NPR made this mistake in its top of the hour news segment on Morning Edition. Both parties might say that current budget deficits will cause problems, but they cannot "acknowledge" something that is not true. (If NPR knows this to be true, then it should share this information with its listeners.)

Since the economy has vast amounts of unused resources there is no reason that current deficits would pose any problem. And, the Fed could in principle buy and hold the debt used to finance the deficit so it places no interest burden on future generations.

Comments (11)Add Comment
...
written by izzatzo, October 15, 2010 7:45
Has the witness been sworn in?

Yes, your Honor.

Do you claim that the opportunity cost of employing idle resources is near zero in a deep recession, which also means there really is a free lunch?

Yes and no.

Just answer the question, yes or no. Do you acknowledge the truth of Ricardian Equivalence, Keynesian Socialism, and no free lunch under all circumstances?

OBJECTION your Honor. It's a loaded question. The witness has already acknowledged the truth as facts found in evidence by the Court of Stimulus Appeals.
hidden truth
written by frankenduf, October 15, 2010 8:50
well, a- prefix means not, so it may indeed be true that both parties, in trotting out this propaganda line, have no knowledge about deficit spending causing problems for a demand recession economy
...
written by Fed Up, October 15, 2010 1:08
"Since the economy has vast amounts of unused resources there is no reason that current deficits would pose any problem."

This is totally incorrect. The solution to too much lower and middle class debt owed to the rich is not more gov't debt owned to the rich. You've got the wrong medium of exchange.
...
written by Fed Up, October 15, 2010 1:09
EDIT: "owned" to owed
Absurdities
written by Scott ffolliott, October 15, 2010 2:42
"Those who can make you believe absurdities can make you commit atrocities." François-Marie Arouet -"Voltaire" (1694-1778.)
...
written by diesel, October 15, 2010 7:19
This is a subtle observation about existential import in the word "acknowledge". It reveals how arguments can be won without a shot being fired, in the very act of laying out the implicit question-begging terms. Nicely done.
No Interest Burden?
written by Cujo359, October 16, 2010 2:02
Why is there no interest burden if the Fed buys the debt?
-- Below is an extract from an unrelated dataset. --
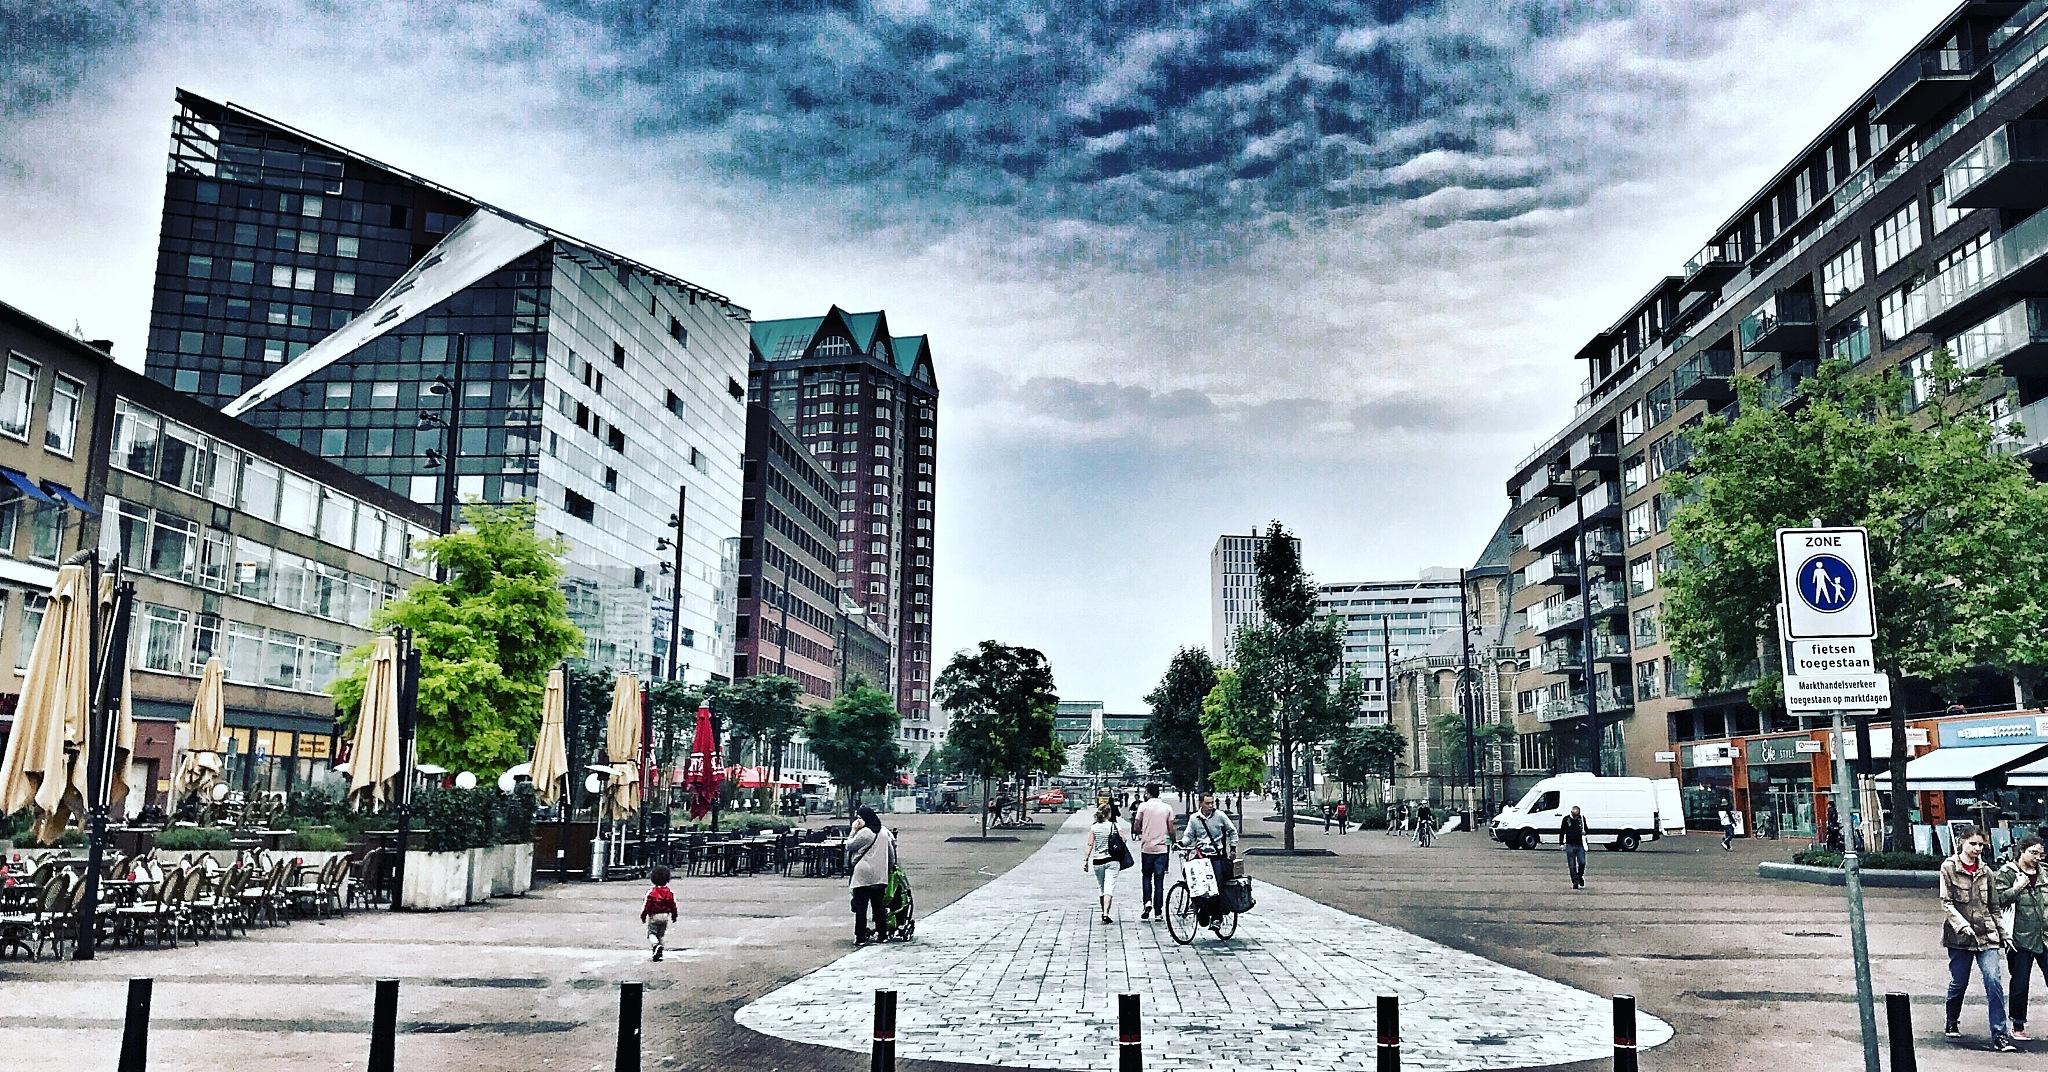 CityscapeRotterdam  by ad.kesteloo

This may seem like an obvious thing, but it's lost on me.
News Flash: Political Parties engaged in politics!
written by paul, October 16, 2010 2:11
"Both parties might say that current budget deficits will cause problems, but they cannot "acknowledge" something that is not true."

This being the season of the witch in DC, both Ds & Rs are in high dungeon over the deficit which is just another game they both love to play ad nauseum. Oh for an honest politician who would point out that we need to double the deficit right now. Case in point: when WWII spending finally ended the GD, the deficit as a percent of GDP was nearly triple today's deficit, so merely doubling the deficit would be prudent.
no burden from debt held by the Fed
written by Ed Dolan, October 17, 2010 2:33
"The Fed could in principle buy and hold the debt used to finance the deficit so it places no interest burden on future generations."
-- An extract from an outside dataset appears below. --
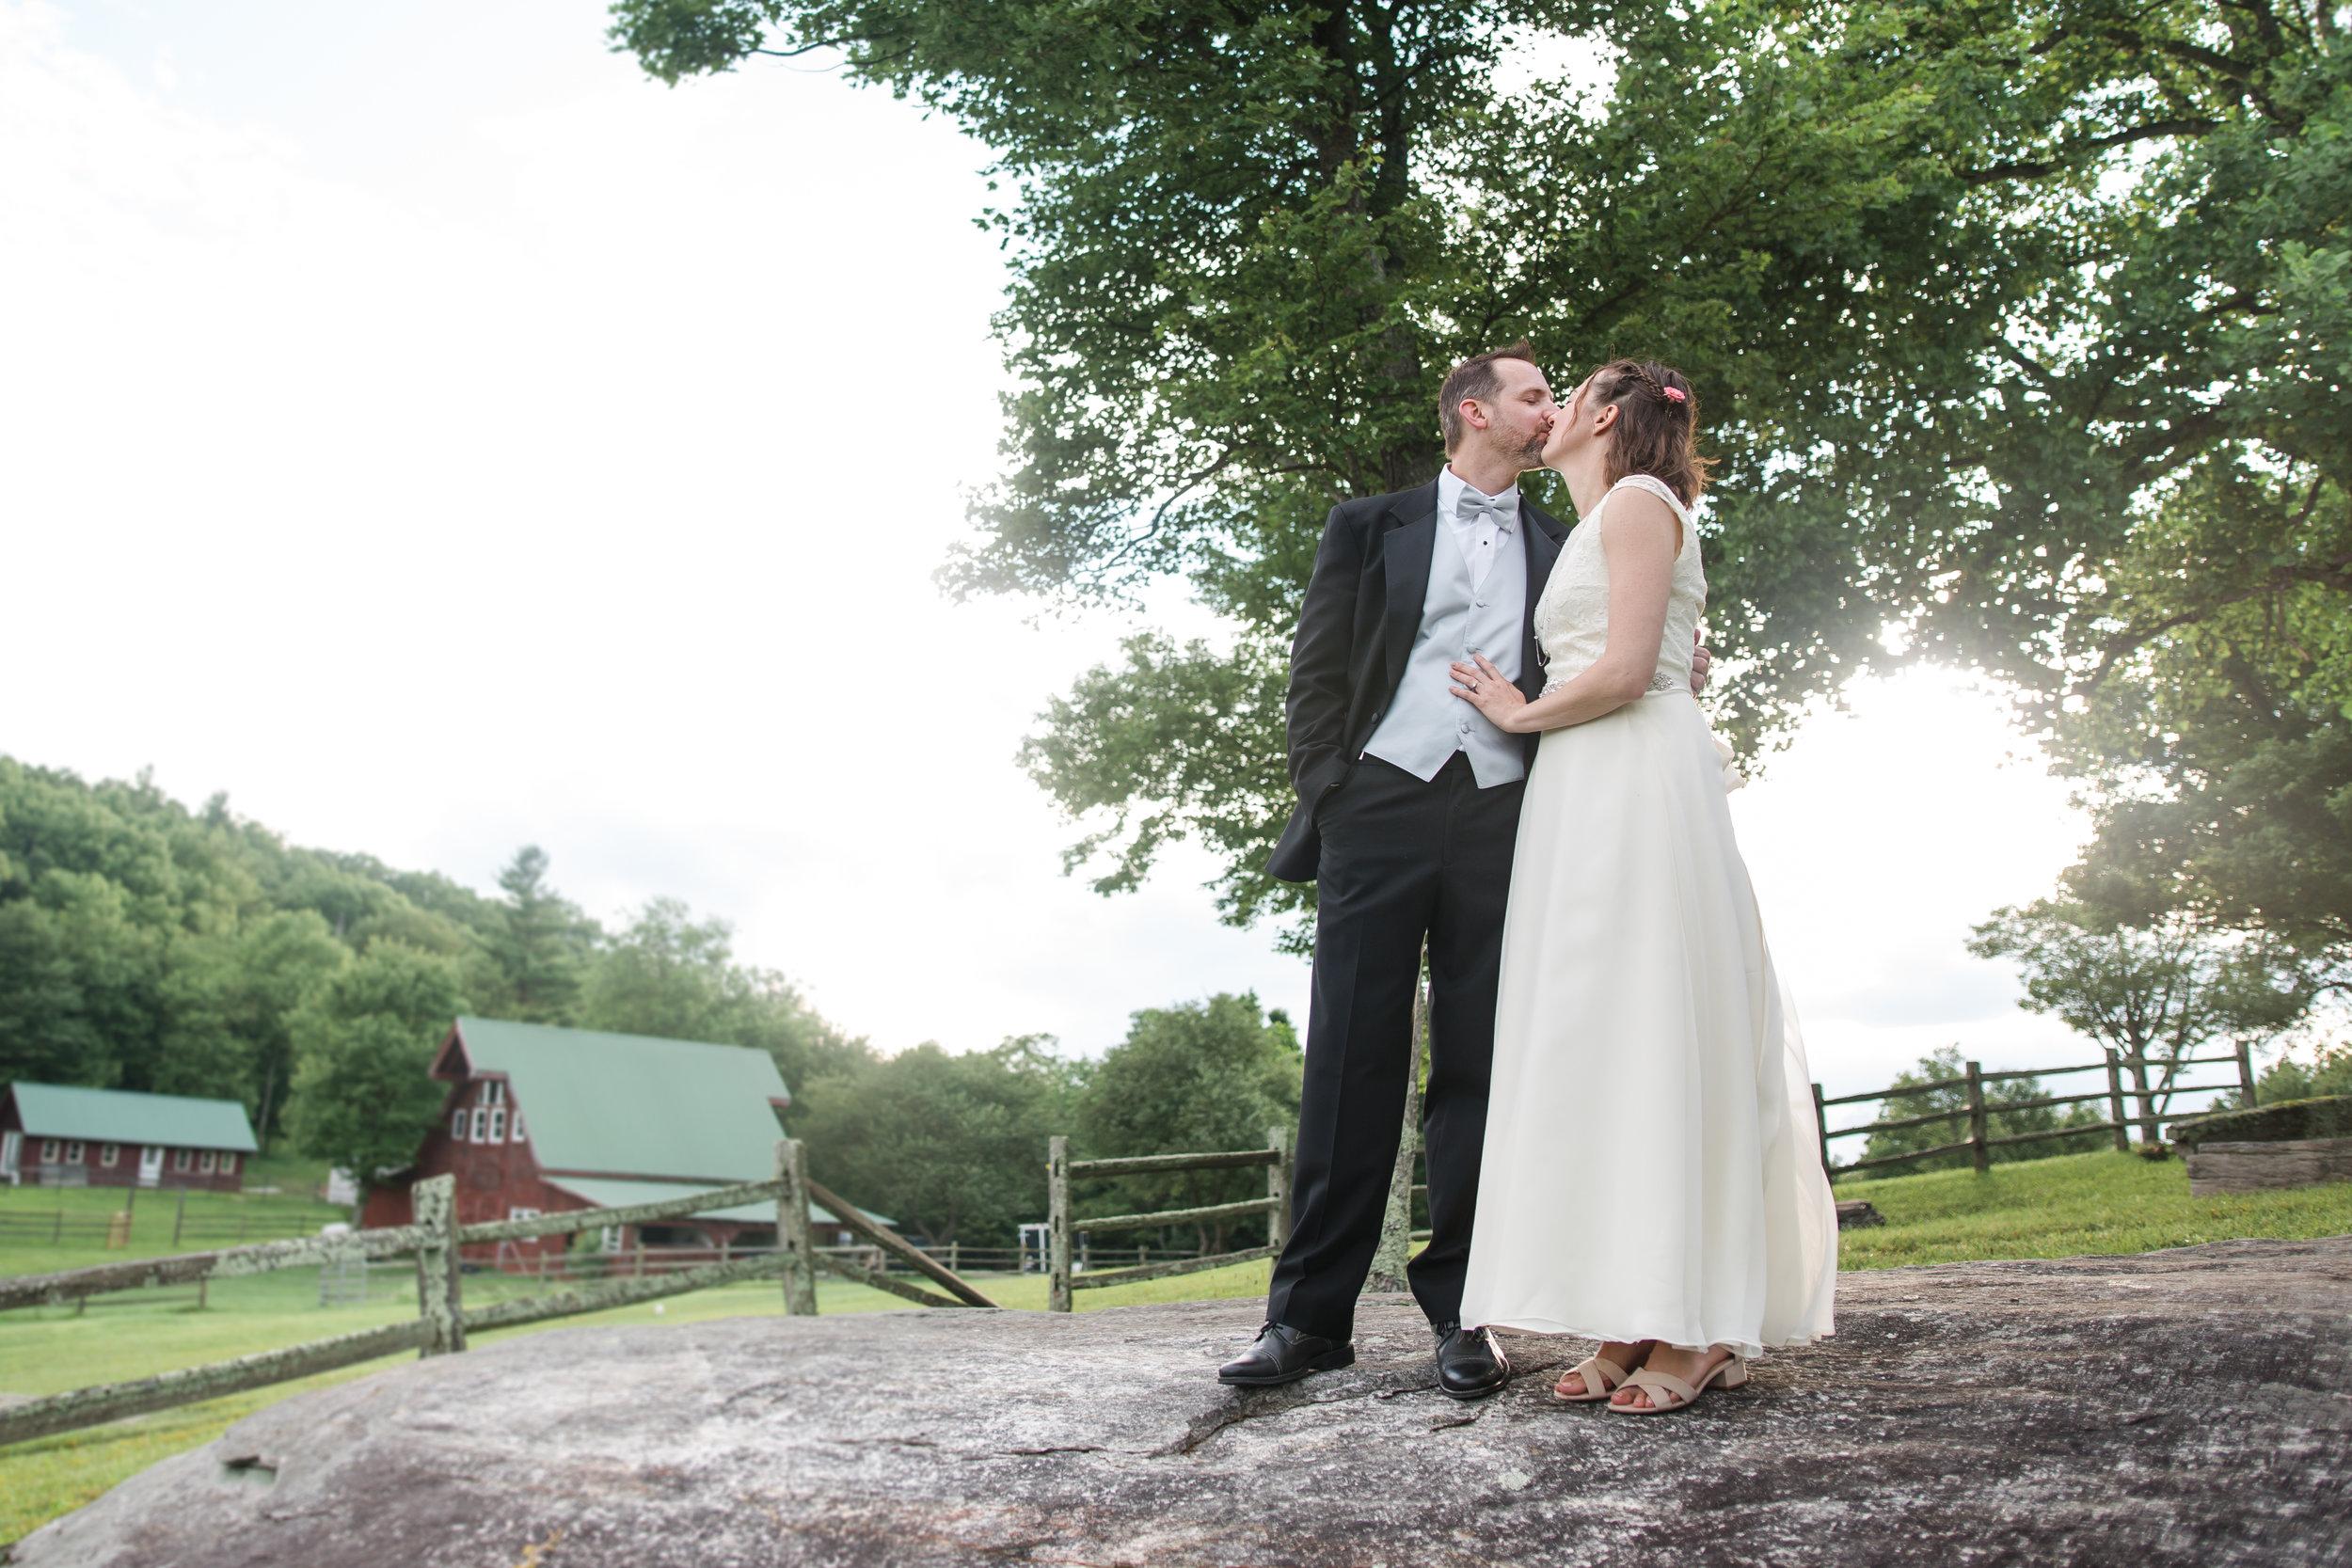 aubrey-joshua-wedding-358.jpg

An interesting claim. In a way, it's actually true, but at the same time, the statement is completely misleading.

In the short run, when the Fed buys debt (Bernanke said on Friday that they are about to do so) it does remove the interest burden from the public. Cujo359, it can be explained like this:. When the Fed holds a Treasury bond on its balance sheet, the Treasury does continue to pay interest on the bond, and the Fed earns a profit. However, after the Fed deducts its operating expenses, it turns over all its net income to the Treasury, so the transaction as a whole is a wash. This is true not only "in principle" but it is something that really happens. In economic jargon this ability of the central bank to provide financing to the government free of interest burden is sometimes called "seigniorage."
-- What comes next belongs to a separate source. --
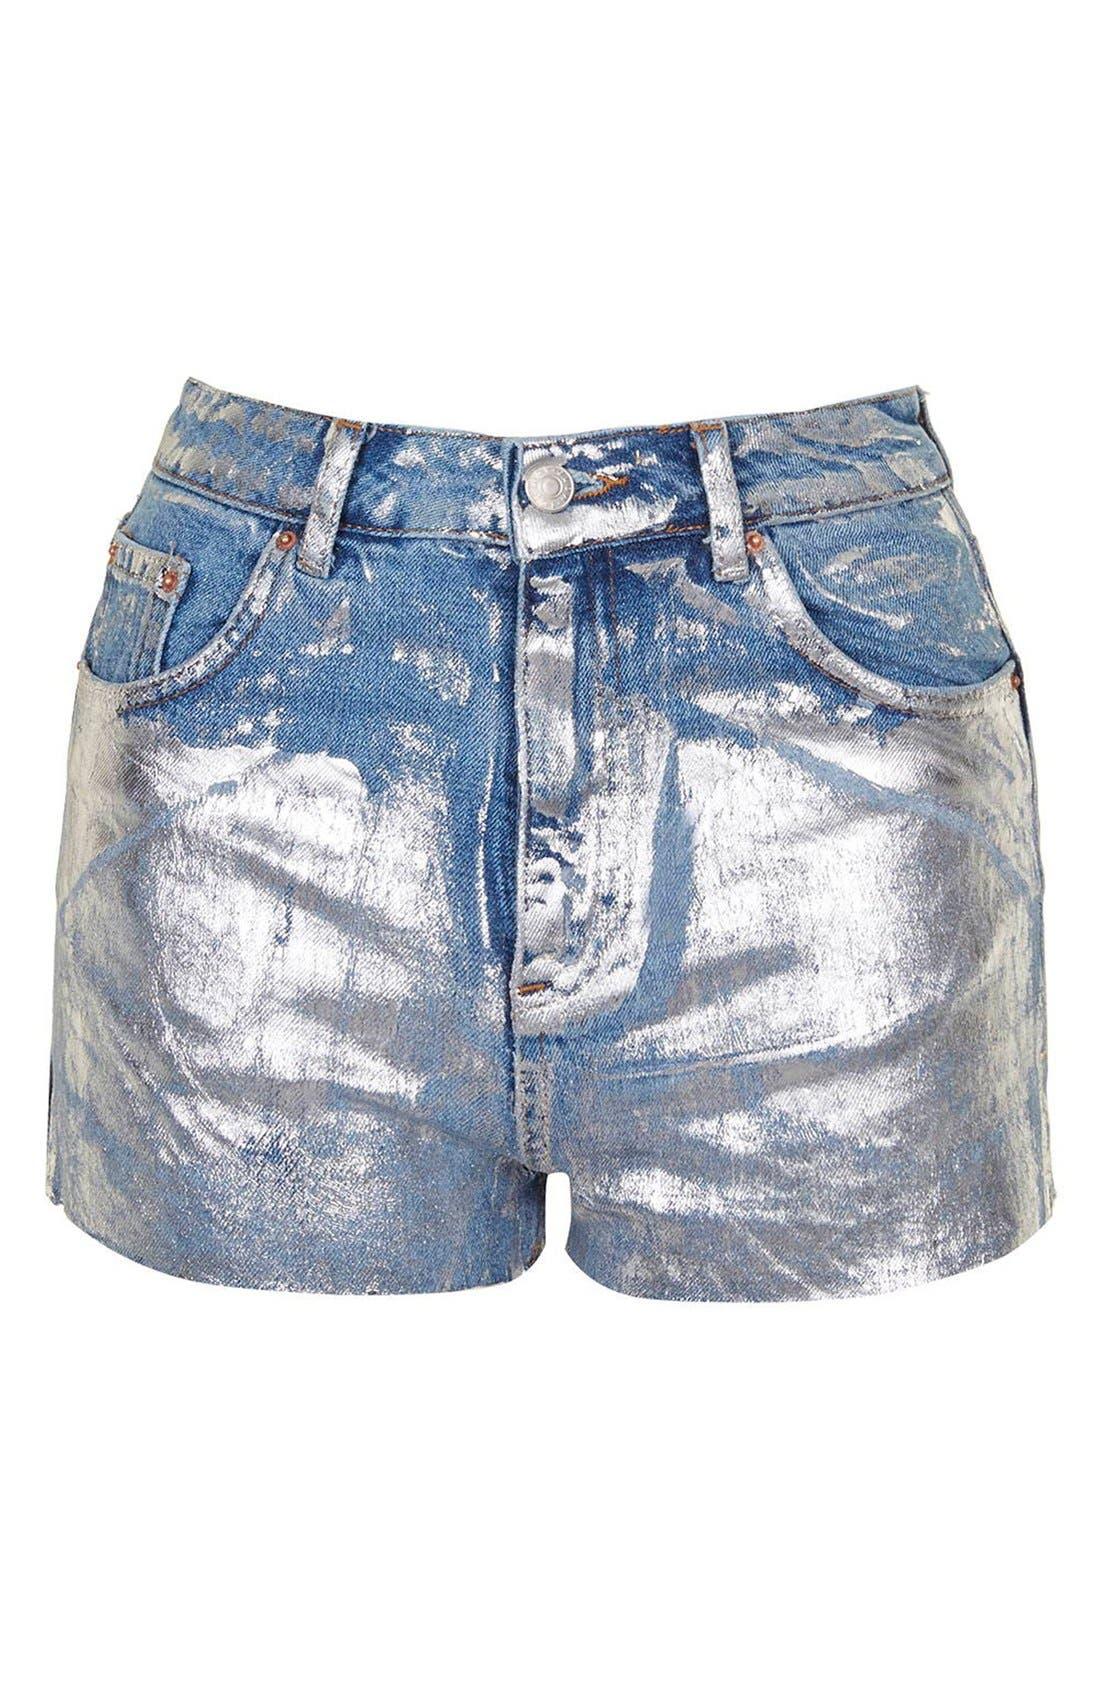 Alternate Image 4  - Topshop Moto Metallic Paint Cutoff Mom Shorts

The tricky part of the statement we started with is the "buy and hold" part. When the Fed buys securities, how does it pay for them? It pays through the banking system. The money the Fed uses to pay for the bond is credited to the bond-seller's bank account. (BTW, the Fed does not buy the bonds directly from the Treasury, but from a private bond dealer. For that reason it is called an "open market operation.) The resulting increase in bank reserves counts as part of what economists call the "monetary base," which can be thought of as the raw material out of which the banking system makes new money by making new loans.

What happens when the monetary base grows? For one thing, since a change in the law in October 2008, the Fed pays interest on banks' reserve deposits, so it is not quite true there is no interest cost to the taxpayer. But the interest on reserves is less than the interest on the T-bonds, so I still can give a grade of "partly true" since there is an interest saving to the taxpayer.

What about the "hold" part, though? Right now the Fed can hold those bonds because banks aren't making many new loans, and the expanded monetary base is inactive. It just piles up without affecting the economy much. At some point, tho, the rate of inflation will start to rise. When it hits the Fed's two percent inflation tolerance ceiling, the Fed has to start implementing its "exit strategy" of selling the bonds back to the public. At that point, the interest burden of the debt moves right back onto the shoulders of future generations of taxpayers.

And what happens if the Fed refuses to implement its exit strategy and just holds the bonds indefinitely? In that case, there is an explosion of the money supply as banks suddenly start using those previously-passive reserves to make loans. That causes a further speedup of inflation, and pretty soon it is hyperinflation. This, too, is not just something that can happen "in principle." It has been demonstrated over and over again. Ever hear of Zimbabwe?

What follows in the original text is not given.